Tesco Says Moody's Outlook Cut Won't Hurt Financing
LONDON (Dow Jones)--U.K. retail giant Tesco PLC (TSCO.LN) said Thursday that Moody's credit outlook downgrade won't hurt its ability to either finance its extensive operations or financing costs.
The credit rating agency's move late Wednesday to downgrade Tesco's outlook follows the group's investment in retail property, a Tesco spokesman told Dow Jones Newswires.
"It mainly centers around the increase in our operating lease commitments and that's come about...firstly through the sale and lease back deals we've done, where we have sold off some property over the last couple of years.
"But also our investment in China and in the U.S. where the properties are primarily in leasehold development, and also the Homever stores that we acquired in South Korea, where 15 of those, which is almost half, were leasehold."
Tesco - the world's third-biggest retailer by sales - still owns around 80% of its property. "We're still predominately property owners, rather than leaseholders," the spokesman said.
"We continue to reiterate that we've got a strong balance sheet," he said.
He also reiterated Tesco's recent comments at its full-year results presentation, saying that it is "focused on managing cash and reducing our debt this year." Tesco's net debt totaled GBP9.6 billion as of Feb. 28.
Standard & Poor's and Fitch Ratings have told Tesco that their A- ratings won't be changing following Moody's move, he added.
Sanford C. Bernstein's Christopher Hogbin says it's not an issue for Tesco, noting at A3, it is still rated 3-notches above sub-investment grade (junk) territory.

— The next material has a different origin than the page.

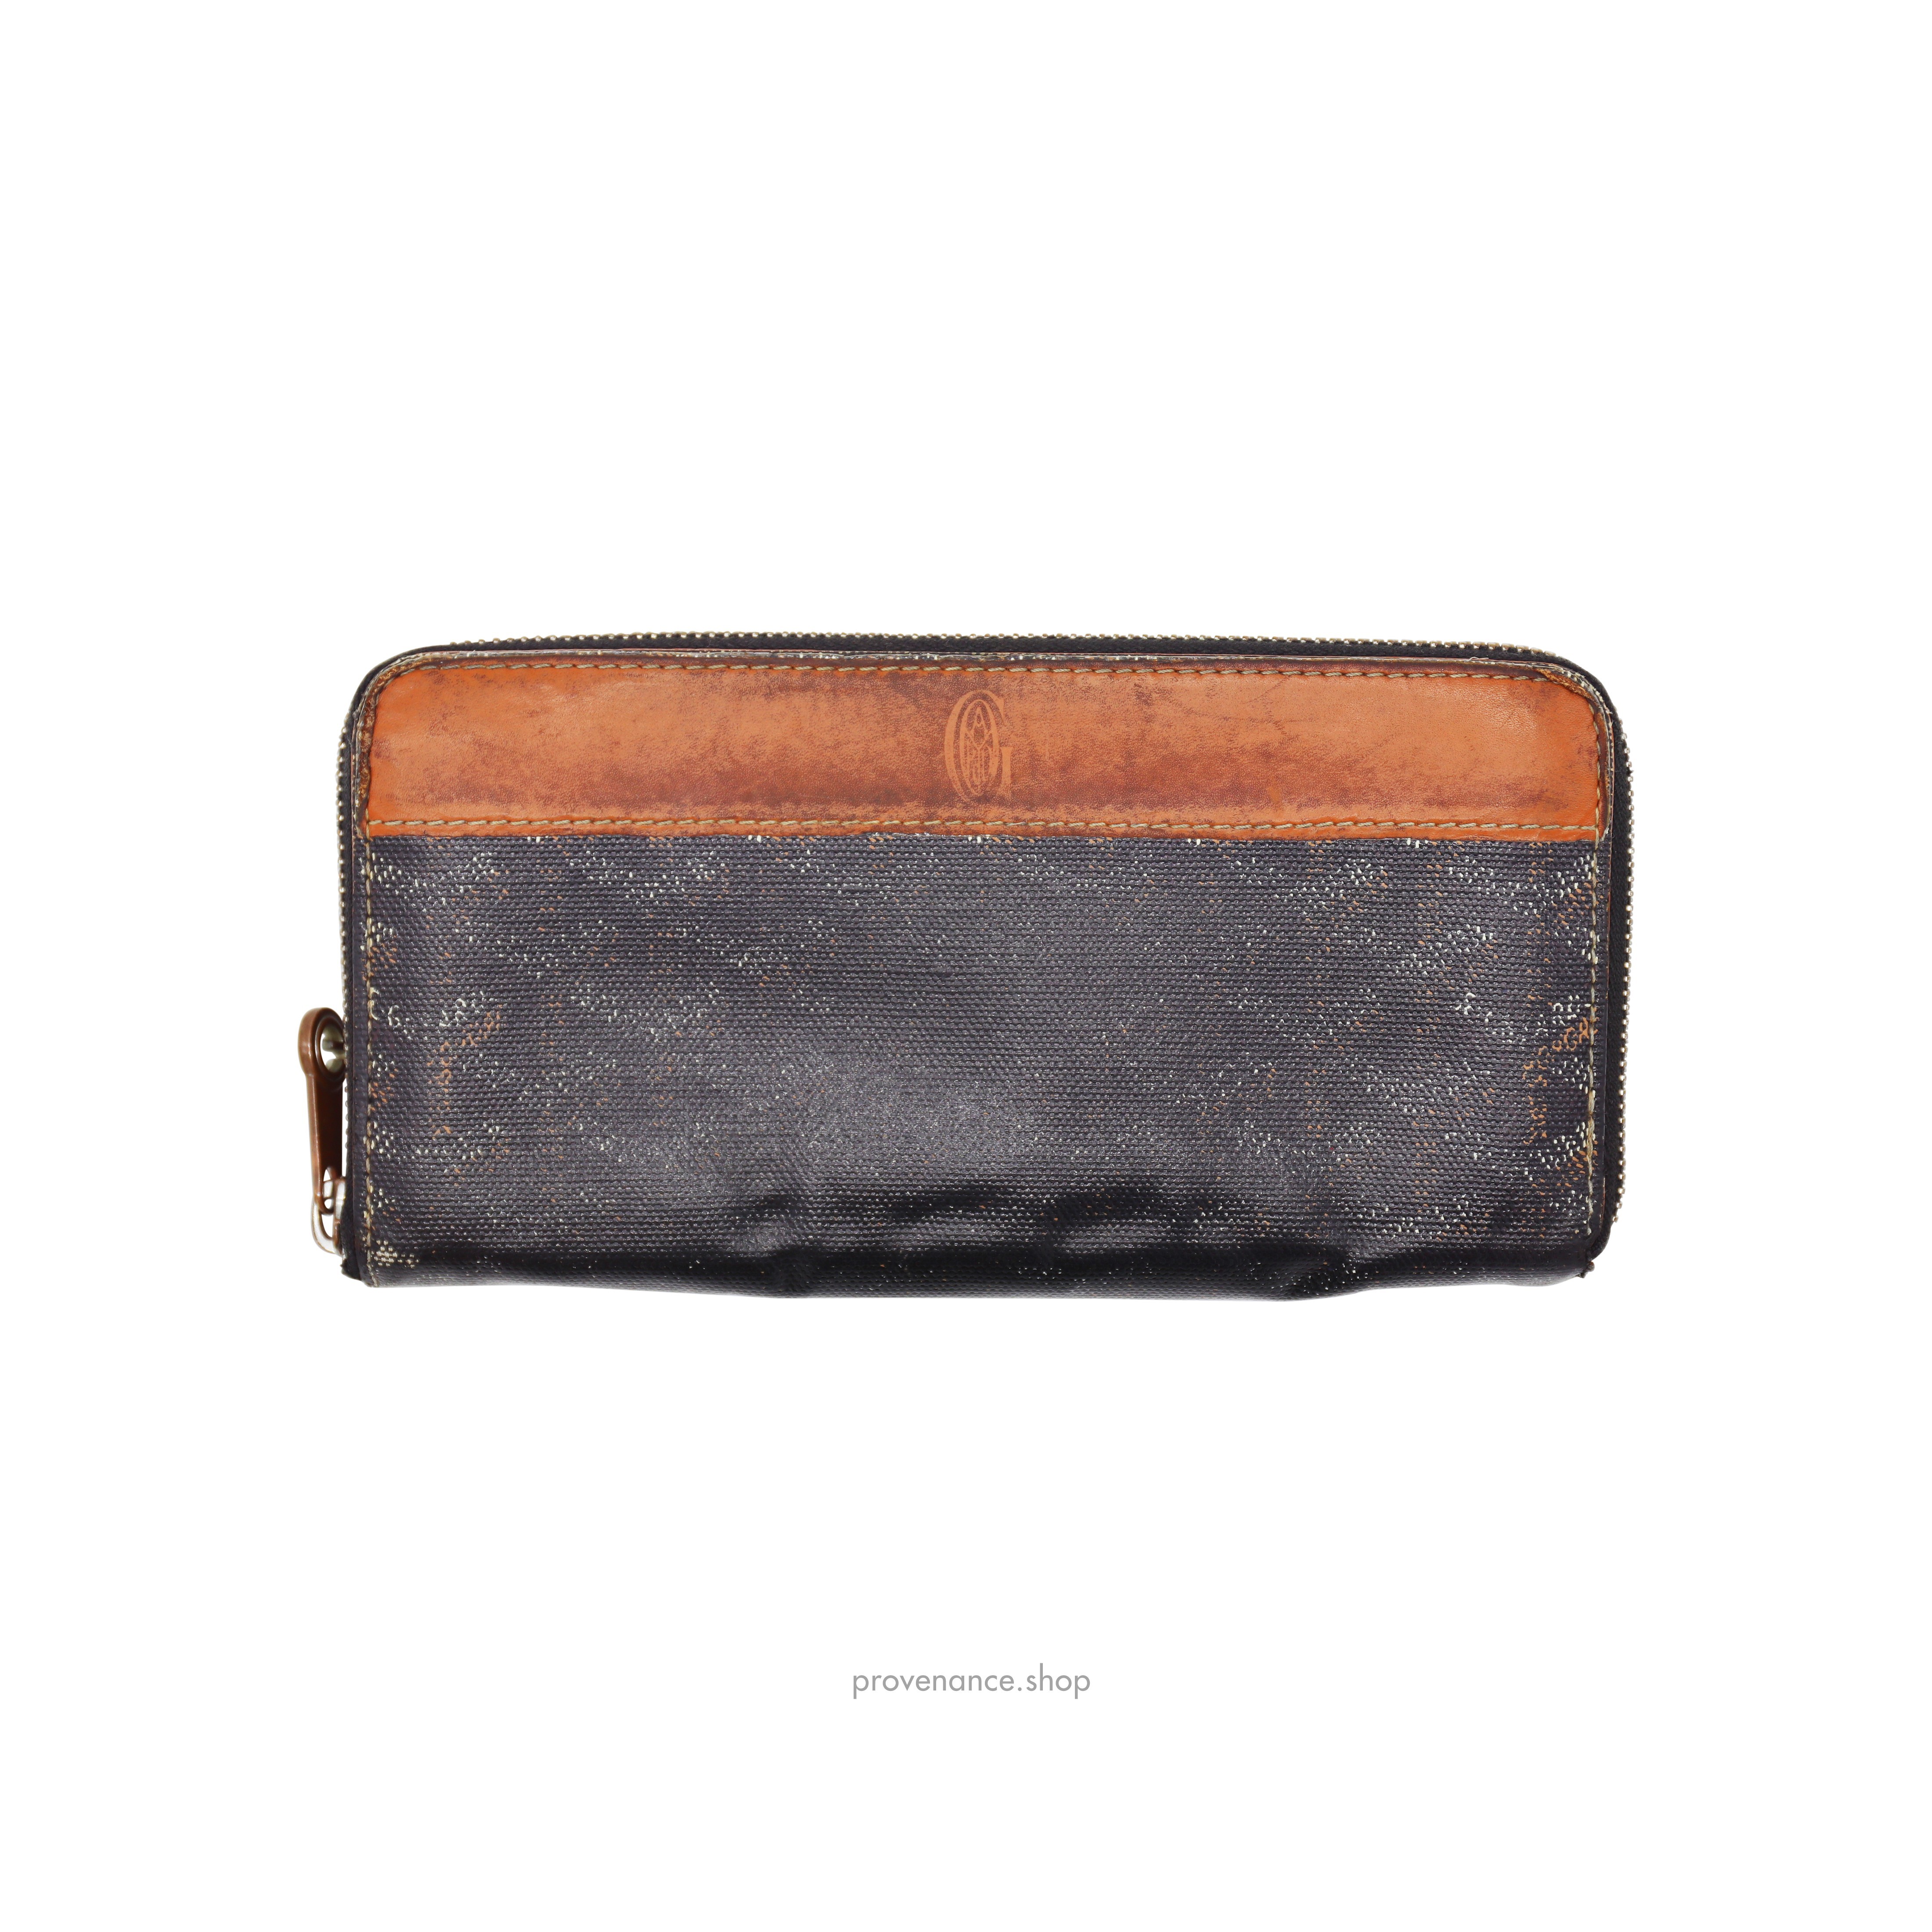 Goyard Matignon Long Wallet - Black/Tan - 1
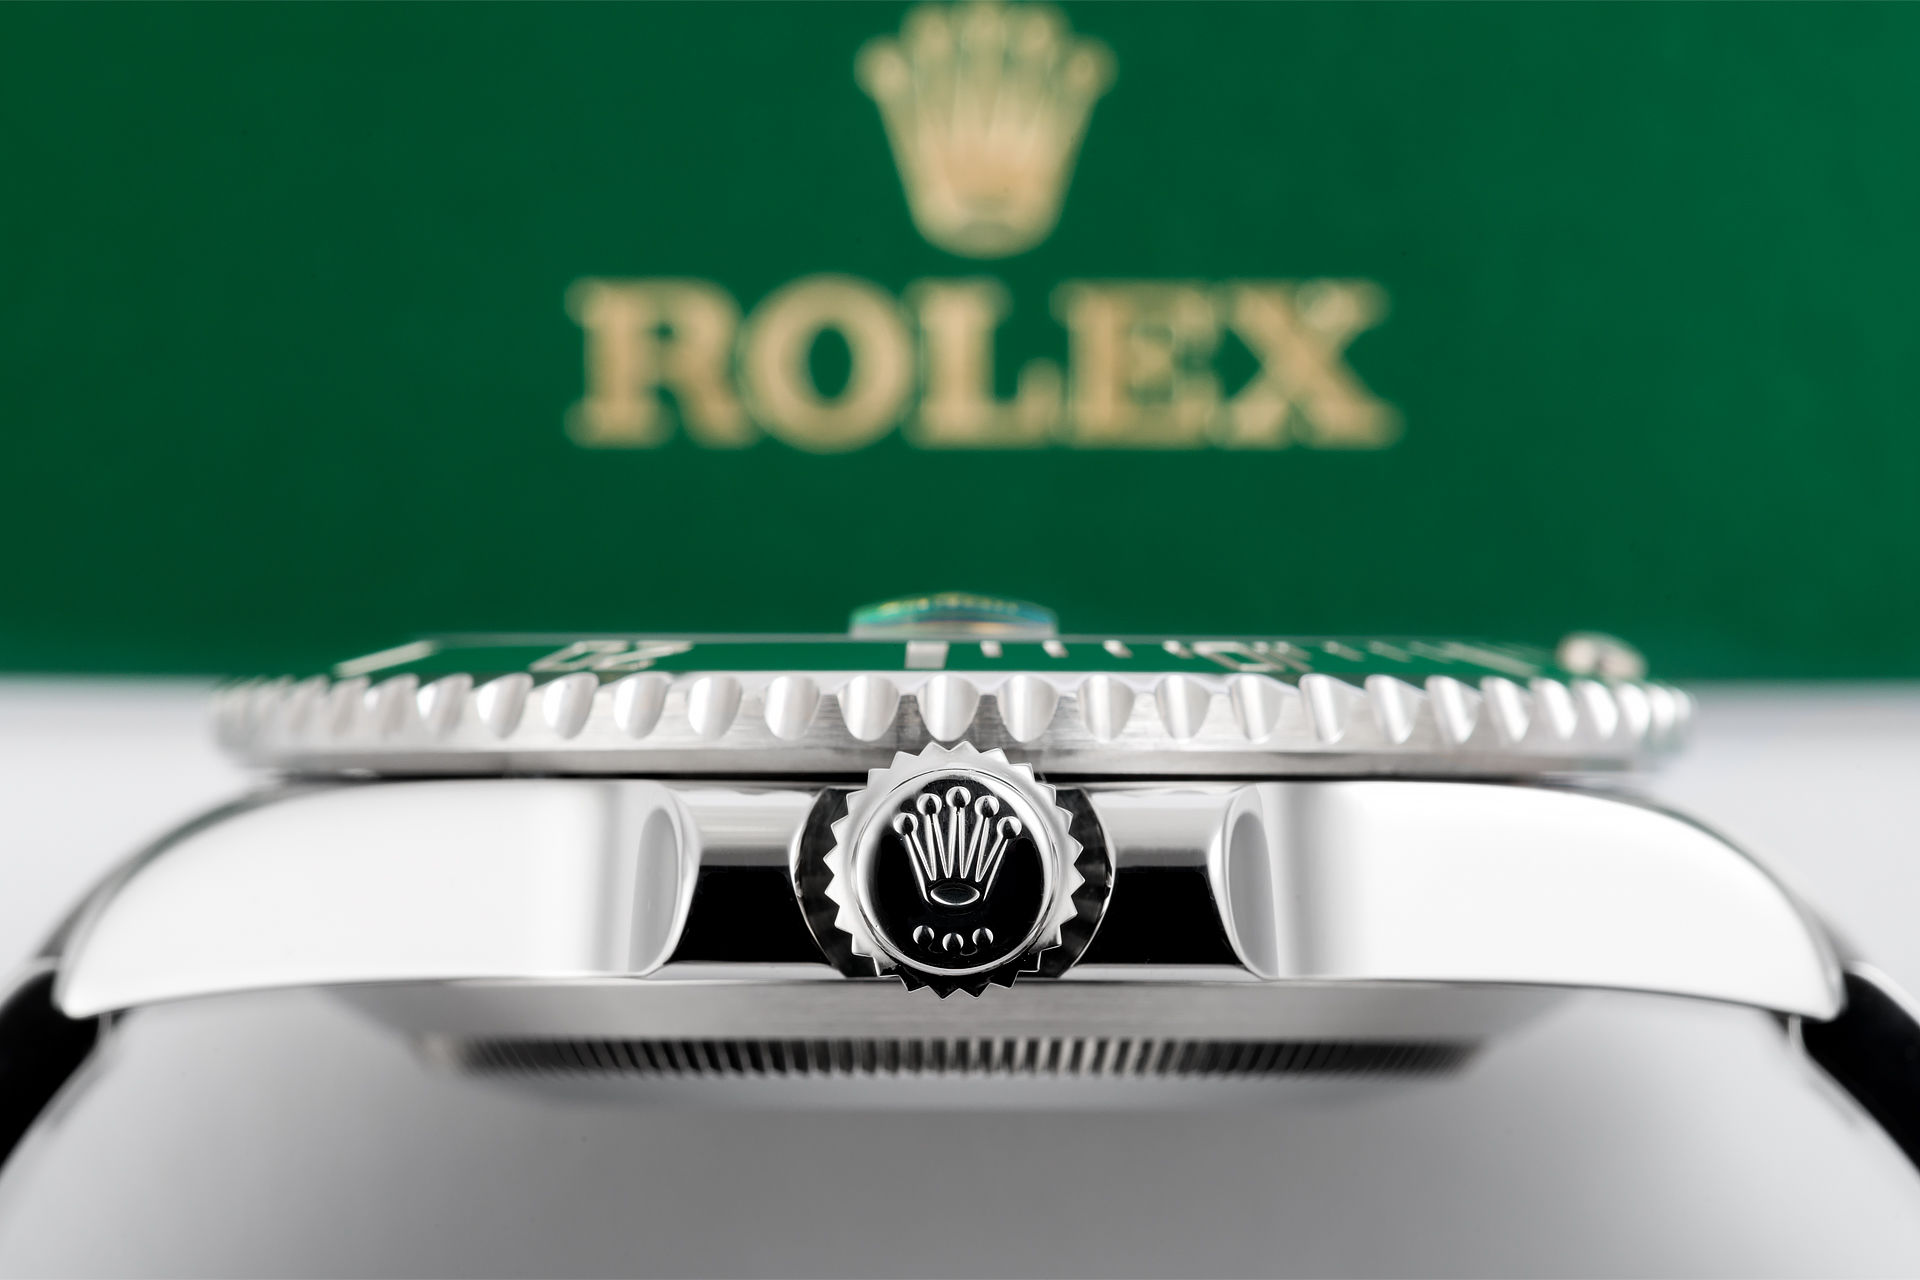 ref 116610LV | 'Anniversary Model' Rolex Warranty | Rolex Submariner Date

Tesco remains Bernstein's top pick in the U.K. grocery sector as modest 11 times 2010 earnings multiple "does not fairly reflect robust outlook for its UK business or the growth potential of its international and retailing services operations following TNS data yesterday." Hogbin has an outperform rating on Tesco and 450 pence price target.
At 0830 GMT, Tesco shares were down 7 pence, or 2%, at 366 pence in a lower FTSE 100 index. Its shares are up 1.8% since January.
Credit traders said the outlook change had made little impact on the cost of insuring debt issued by Tesco, which was quoted at 95/105 basis points, a touch wider in line with the weaker market.
One credit analyst said that while a ratings downgrade is far from a done deal, debt markets are already pricing in this type of action. For example, Tesco trades at a considerable premium to French retailer Carrefour SA (CA.FR), which is also rated A3, but Carrefour's credit default swaps are quoted considerably tighter, at around 60 basis points.
Credit default swaps are tradable, over-the-counter derivatives that function like a default insurance contract for corporate debt. If a borrower defaults, the protection buyer is paid compensation by the protection seller. Swap buyers may be protecting investments they own or simply making bearish bets against companies or countries.